A 30-year-old woman visited our clinic with a 4-year history of tremor in both hands and a 6-month history of gait disturbance. The patient reported that the tremor in both hands and gait disturbance were progressively aggravated. On neurological examination, postural tremor was noted in both hands, but rest tremor was not observed. Rigidity was present in the extremities but not in the neck. On walking, arm swing was decreased. Mild bradykinesia was observed while the fingers were tapped, hands were closed and opened, and when foots were stomped on the floor. Facial expression was normal. Although postural tremor and rigidity were similar between both hands, brandykinesia was more severe in the left hand and arm swing on walking was more decreased in the left side. The patient showed independent walking with minor gait impairment and mild postural instability on the pull test; she recovered with 5 steps backwards for recovery without help. She complained of orthostatic dizziness but did not have orthostatic hypotension. Her consciousness was clear and orientation was well maintained. She revealed normal findings in the motor and sensory test, neurological tests for cerebellar function and eyeball movements, and deep tendon reflexes.
There was neither a notable history of medical disease nor a history of drug ingestion causing bradykinesia. Routine physical examinations including fundoscopy showed no abnormal findings. Nor were abnormal findings in the routine blood test, biochemical test, electrolyte test, thyroid function test, syphilis test, human immunodeficiency virus test, serum vitamins, serum cupper, serum ceruloplasmin, chest X-rays and electrocardiograms.
The patient was diagnosed with parkinsonism based on bradykinesia of both hands, rigidity and postural instability. Her score on the Unified Parkinson Disease Rating Scale was 22 points. Magnetic resonance (MR) images showed an ill-defined mass in the anterior third ventricle and hypothalamus, which had partially enhanced nodular intensity after gadolinium administration. The lesion was accompanied by hydrocephalus, and the midbrain was compressed and inferiorly displaced by the mass and obstructive hydrocephalus secondary to the tumor (Fig. 1). Based on these findings, the mass was suspected to be intraventricular diffuse astrocytoma.
Under general anesthesia, a neuroendoscope was inserted into the third ventricle via a right frontal burr hole in February 2010. The neuronavigation system was used for planning the procedure. The lesion was visually confirmed with the neuroendoscope, therefore, partial surgical resection for biopsies was performed safely and precisely, and a right frontal external ventricular drain (EVD) was placed. Pathologic findings revealed diffuse astrocytoma grade II (Fig. 2). The postoperative computed tomography (CT) did not show any additional changes compared with preoperative findings. The postoperative course was uneventful without any neurological deficit.

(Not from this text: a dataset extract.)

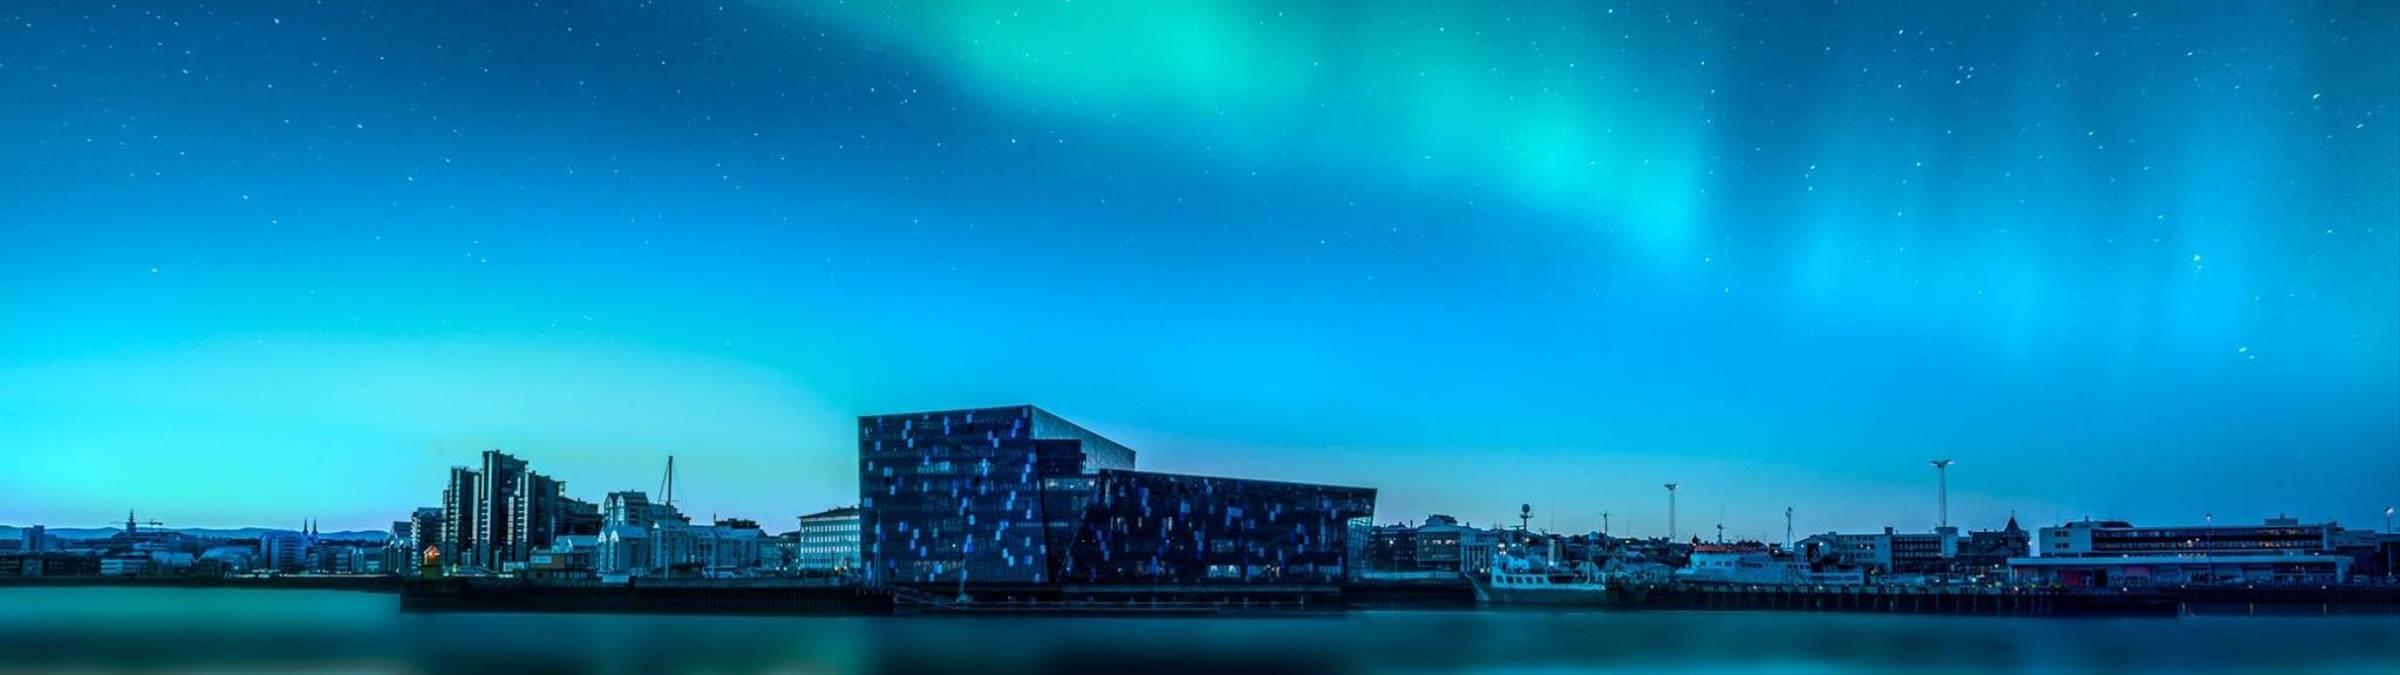 Reykjavik_evening (1).jpg

However, one week later, she presented with mild deterioration of mental acuity after the EVD was removed. Follow-up brain CT did not show any changes compared with previous findings. The patient underwent neuronavigation guided endoscopic septostomy and ventriculoperitoneal (VP) shunt which is performed subsequently and independently after partial surgical resection in February 2010. A Hakim VP shunt with a high pressure valve was placed through another bur hole in the left frontal region (Codman, Raynham, MA, USA). The preoperative hydrocephalus was normalized after VP shunt. The patient then received radical high dose fractionated three-dimensional conformal radiation therapy with an overall dose of 54 Gy from March 2010 to April 2010, followed by being treated with steroid medication. Consequently, the tumor and hydrocephalus were significantly decreased (Fig. 1). All symptoms of parkinsonism, including tremor, bradykinesia, rigidity and gait disturbance, were completely recovered 3 months after treatment.

DISCUSSION

Parkinsonism can occur due to intracranial tumors at various sites, but it usually develops by compression of the basal ganglia by supratentorial tumors3,5,8). There have been only a few reported cases of parkinsonism due to space-occupying lesions compressing the substantia nigra of the midbrain in the literature1-4,10).
The pathophysiology of parkinsonism due to brain tumors has not yet been elucidated. It has been reported that parkinsonism can be induced by direct compression of the basal ganglia and nigrostriatal structures such as the midbrain by tumors, indirect compression by a herniated temporal lobe and secondary displacement of the brainstem by tumors3,10). Several reports have confirmed that in patients with parkinsonism induced through compression of nigrostriatal structures by brain tumors, clinical symptoms are improved after removing the tumors7,8,10). Similarly, in our patient who showed midbrain compression in MR imaging, clinical symptoms were improved after tumor reduction. Based on these results, it is conceivable that compression of nigrostriatal structures in the brainstem by brain tumors can lead to parkinsonism.
In our patient, MR images also revealed the findings of hydrocephalus. Hydrocephalus is known to induce parkinsonism. Patients with parkinsonism induced by hydrocephalus usually show wide-based gait, well maintained arm shaking on walking and clinical symptoms and signs such as signs of increased intracranial pressure, recognition deficits including memory function and urinary incontinence9). However, our patient showed normal steps, decreases of arm shaking on walking and none of the aforementioned clinical symptoms and signs. It may inferred that hydrocephalus did not significantly contribute to the development of parkinsonism in our case. But, clinical symptoms improved after reduction of hydrocephalus by cerebrospinal fluid drainage, we therefore suspected midbrain compression by obstructive hydrocephalus secondary to the tumor as another possible cause of parkinsonism.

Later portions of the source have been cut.